Paper No. 14-8
Presentation Time: 10:40 AM
THE BISON AND THE BLOW FLY: USING BLOW FLY PUPARIA TO CONSTRAIN THE SEASON OF DEATH AND TAPHONOMIC HISTORY OF AN EARLY-HISTORIC-AGE BISON, CARSON VALLEY, NORTHERN NEVADA
ROWLAND, Stephen1, JONES, Michele2, CHAMEROY, Eric1 and GORDON, Thomas3, (1)Department of Geoscience, University of Nevada Las Vegas, 4505 S. Maryland Parkway, Las Vegas, NV 89154-4010, (2)Las Vegas Natural History Museum, 900 Las Vegas Blvd South, Las Vegas, NV 89101, (3)Gordon Bison Butchering Site, 5855 S. Edmonds, Carson City, NV 89701
While excavating a bison skeleton buried in flood-plain deposits near Carson City, Nevada we encountered thousands of puparia ("cocoons") of the black blow fly,
Phormia regina, which lays its eggs on the bodies of dead animals. Some of the bison bones exhibit cut marks that are too deep and narrow to have been made with stone tools, so we infer that metal tools were involved. Radiocarbon dating has provided ambiguous results, but they are compatible with an early historic age, which is also indicated by the cut marks. Because
Phormia regina is important to forensic investigators for determining "time since death" of human accident and crime victims, the life cycle and temperature constraints of this species of fly have been well studied. In this study we use this information to constrain the season of death and taphonomic history of the bison.

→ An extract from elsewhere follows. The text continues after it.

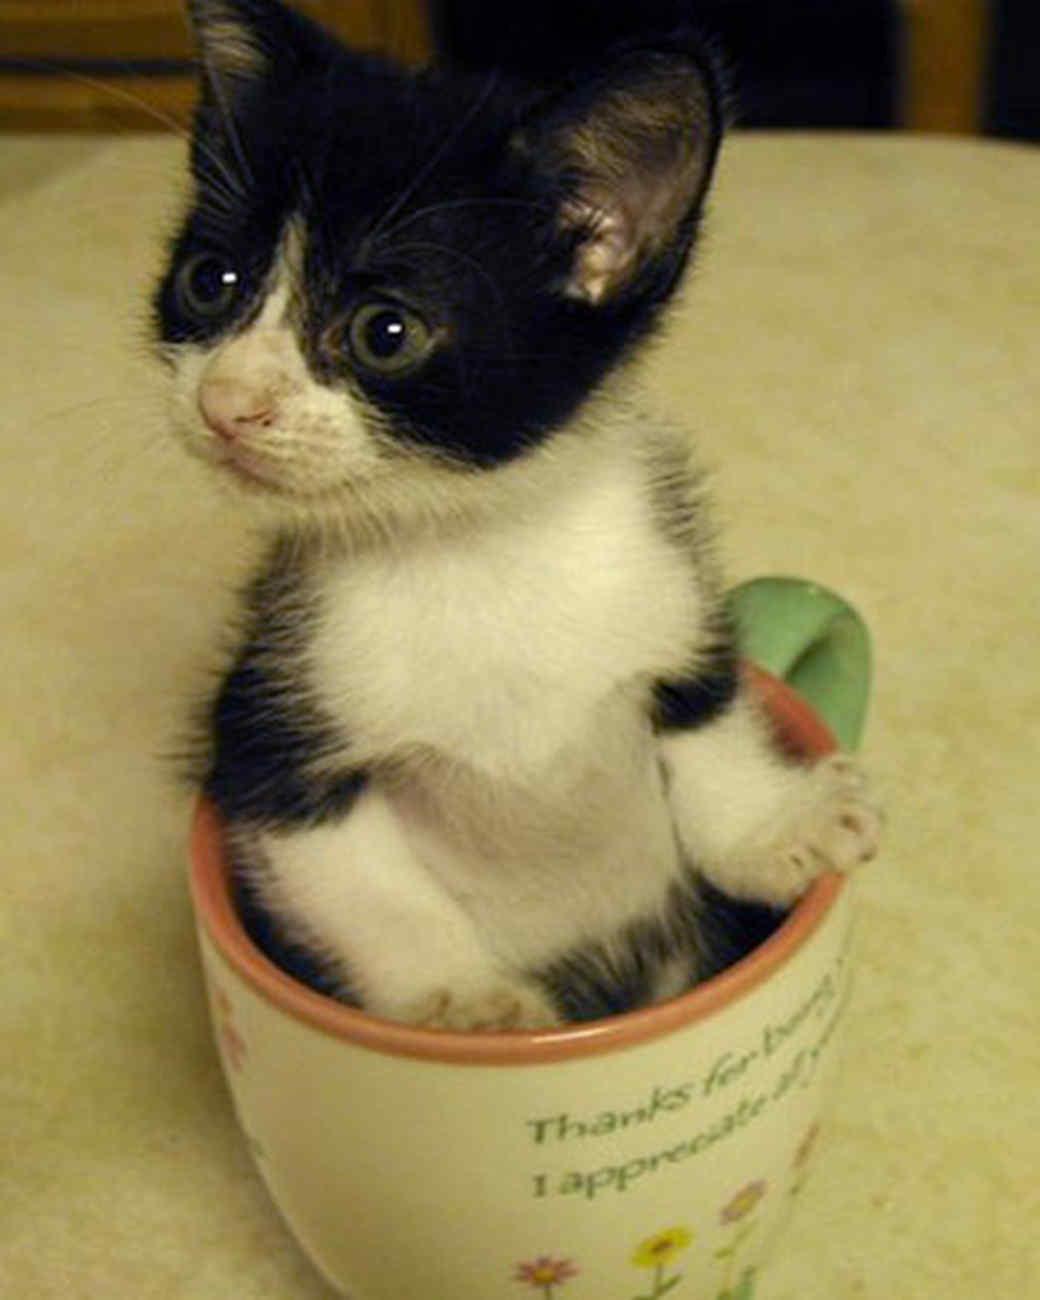 pets_kittens_0610_9675119_23856177.jpg
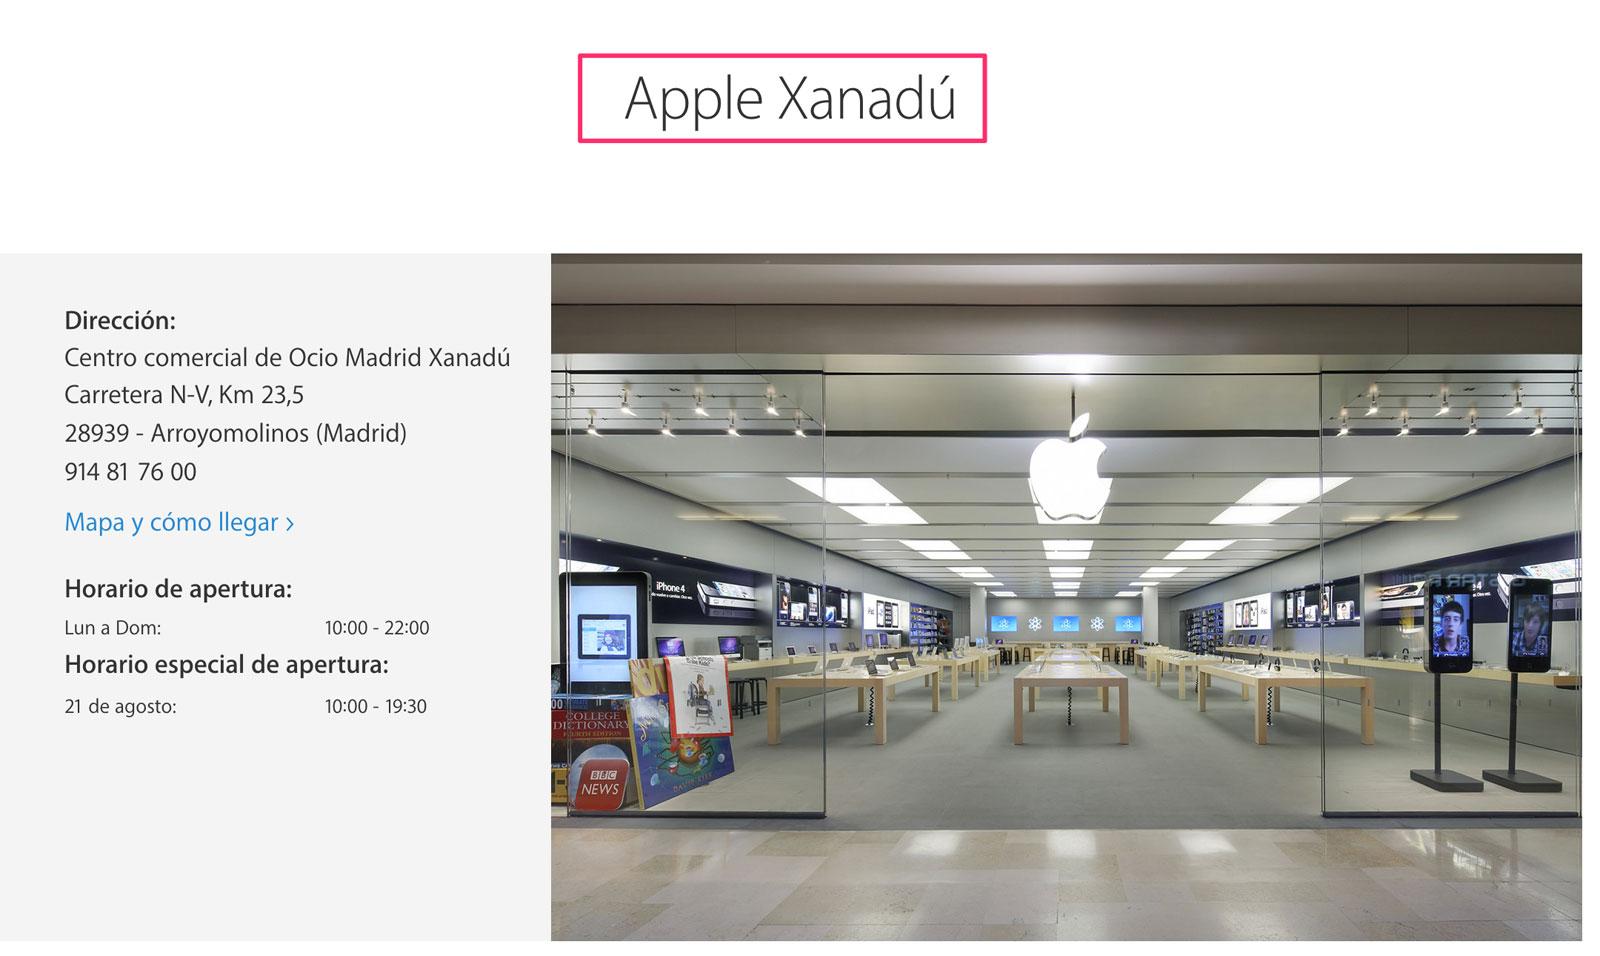 Página de Apple Xanadú

The life cycle of P. regina requires a minimum of 8.8 days within a temperature range of 14ºC to 35ºC, so the bison carcass must have been exposed to the air for at least that long, within that temperature range. However, of the thousands of recovered puparia, 35% remained closed and had not produced an adult fly. Of this cohort, only a tiny percentage exhibit small exit holes attributable to parasitoid wasps. We infer that cold night-time temperatures, rather than parasitoid wasps or other causes, were responsible for the high pupal mortality. Based on climate data for the Reno/Carson City region (prior to the recent warming trend), along with P. regina temperature constraints, the high percentage of closed puparia, and seasonal flooding patterns of the Carson River drainage, we conclude that the bison died in the spring.